White, ProQuest: Not all content is text-based. Not all content can be ‘owned’ by one publisher. Relevance of content may differ among disparate user groups. Content interactions should factor in all of what was produced and who produced it, but also its importance to specific users consuming it. We work to find innovative ways to break down those silos – across modalities, publishers, publishing models and user groups – to ensure the answers we provide are complete, correct, and relevant. This takes the challenge of scale and adds new wrinkles, because less is under our immediate control. Matching a journal article with a video, an archival finding aid, an audio recording and a set of statistics, some of which we possess in our databases and some not – and ensuring all of it is immediately relevant to you is the goal. Allowing information to exist as it is without conforming to our needs as a publisher, while layering on top our semantic enrichment in support of scholarship is a major focus for us.
Looking to the future of scholarly communications, can you predict any major developments in the field of semantic enrichment?
Marmanis, CCC: The primary source of semantic enrichment is well-curated semantic lexicons.
A major development in the field of semantic enrichment would be the ability to develop semantic lexicons specific to a domain of discourse on the basis of a representative corpus, with minimal human intervention and in a way that is highly-accurate, cost-efficient, and complete.
Maciocci, eLife: Both semantic enrichment at the publisher side and the emergence of increasingly ‘smart’ AI, in combination with a broader uptake of open access, may lead to an increase in meta-discovery, where large-scale data mining of a semantically enriched corpus can generate new insights by uncovering previously unknown trends and correlations across seemingly unrelated papers. AI is likely to see an increase in the automatic inference of semantic context, reducing the amount of labour needed during the production and publication of online manuscripts by automating parts of the semantic tagging process.
Samulack, Editage: Because of the movement toward the future of machine reading, machine learning, and various other associated aspects of artificial intelligence, the use of meta-tagging and word semantic association nomenclature will become very important.
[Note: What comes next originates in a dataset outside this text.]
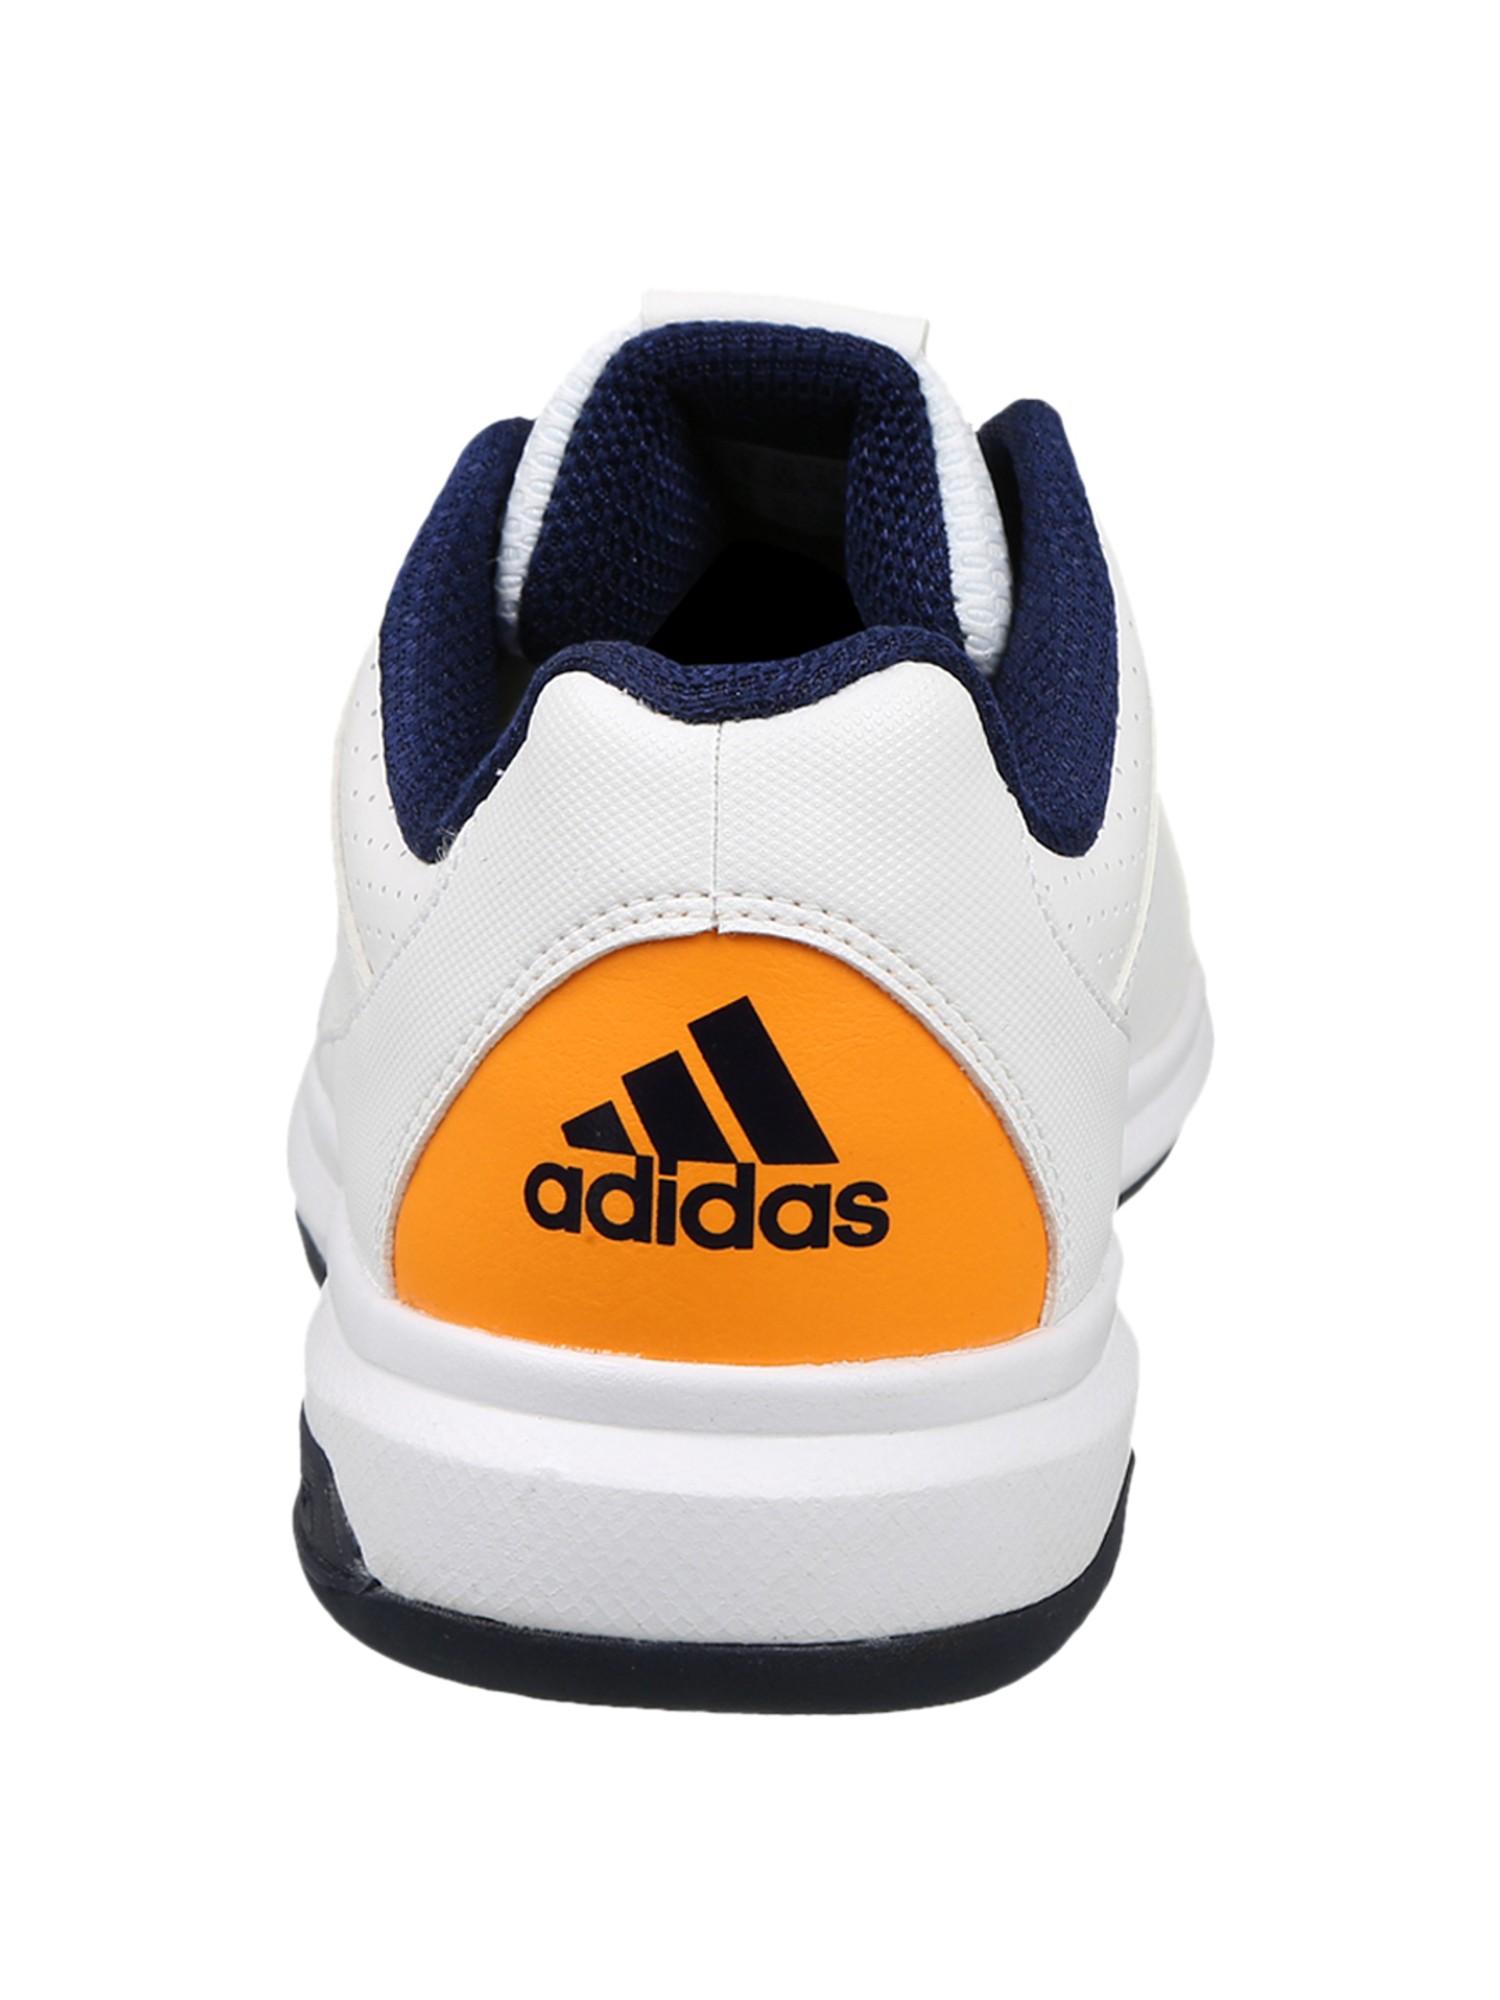 adidas wondrous ii tennis shoes

But also, because of the focus today surrounding the human factor of article enrichment (infographics, video, and other forms of imagery), the ability to read this content and to fingerprint large data sets will be a challenge that needs to be addressed. Imagery will need to be accompanied by embedded plain language descriptions (like alt-text in support of machine readers for the visually impaired), and large datasets will need to have semantic descriptors to clarify parameters of context and scope that a machine can understand.
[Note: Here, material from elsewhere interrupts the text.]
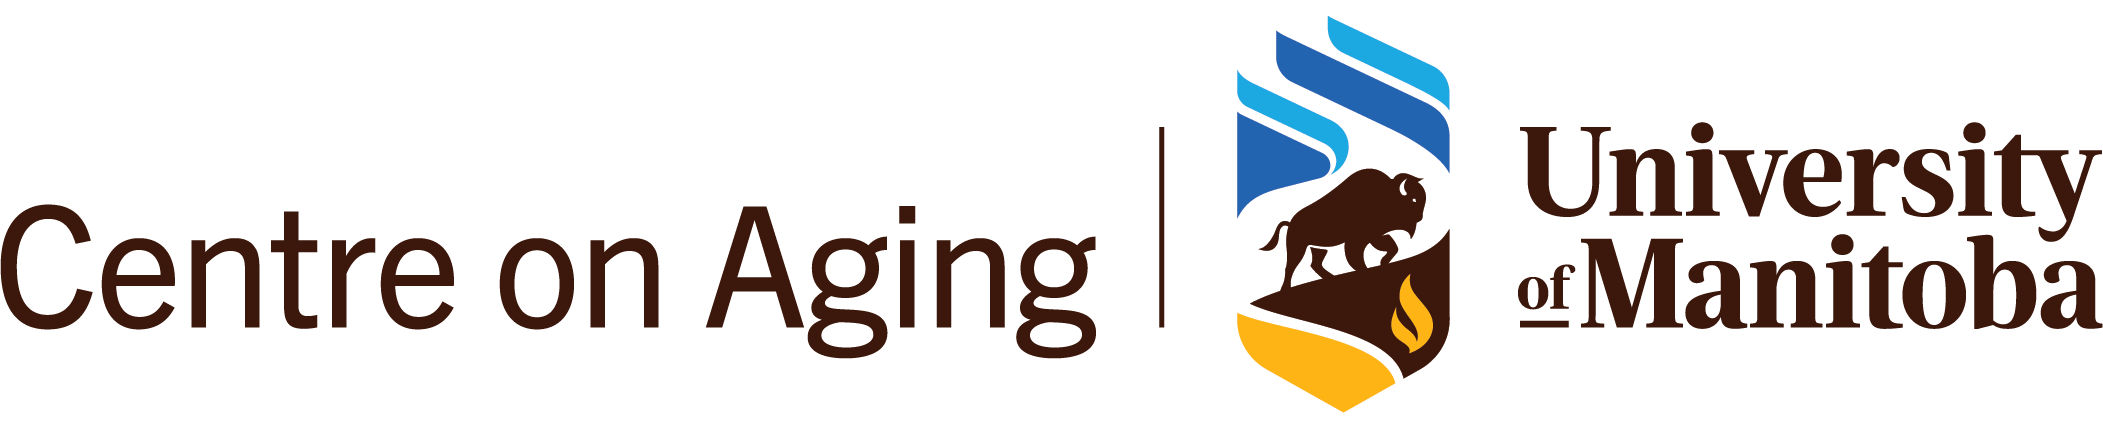 University of Manitoba Centre on Aging Logo

White, ProQuest: The knowledge graphs produced by human- and machine-based entity extraction have already started to supplant the content from which these entities were extracted as a source of answers to questions. Further evolutions toward open access publishing and the accompanying scale will accelerate this change. Traditional ‘relevance ranked search’ as a method of uncovering appropriate research materials will become an anachronism and semantic enrichment solutions will replace it. Users will expect their information systems to present trusted seminal works at the top of search results, vetted by the evidence of usage, in a context that explains how any answer was derived from the knowledge graph and cited content. The best of these solutions will be neither strictly AI nor strictly human-facilitated, but rather will strike a unique and interesting balance between the two. This, in turn, will expand the types of scholarly communications and inquiries available to researchers – and who knows what we will learn then?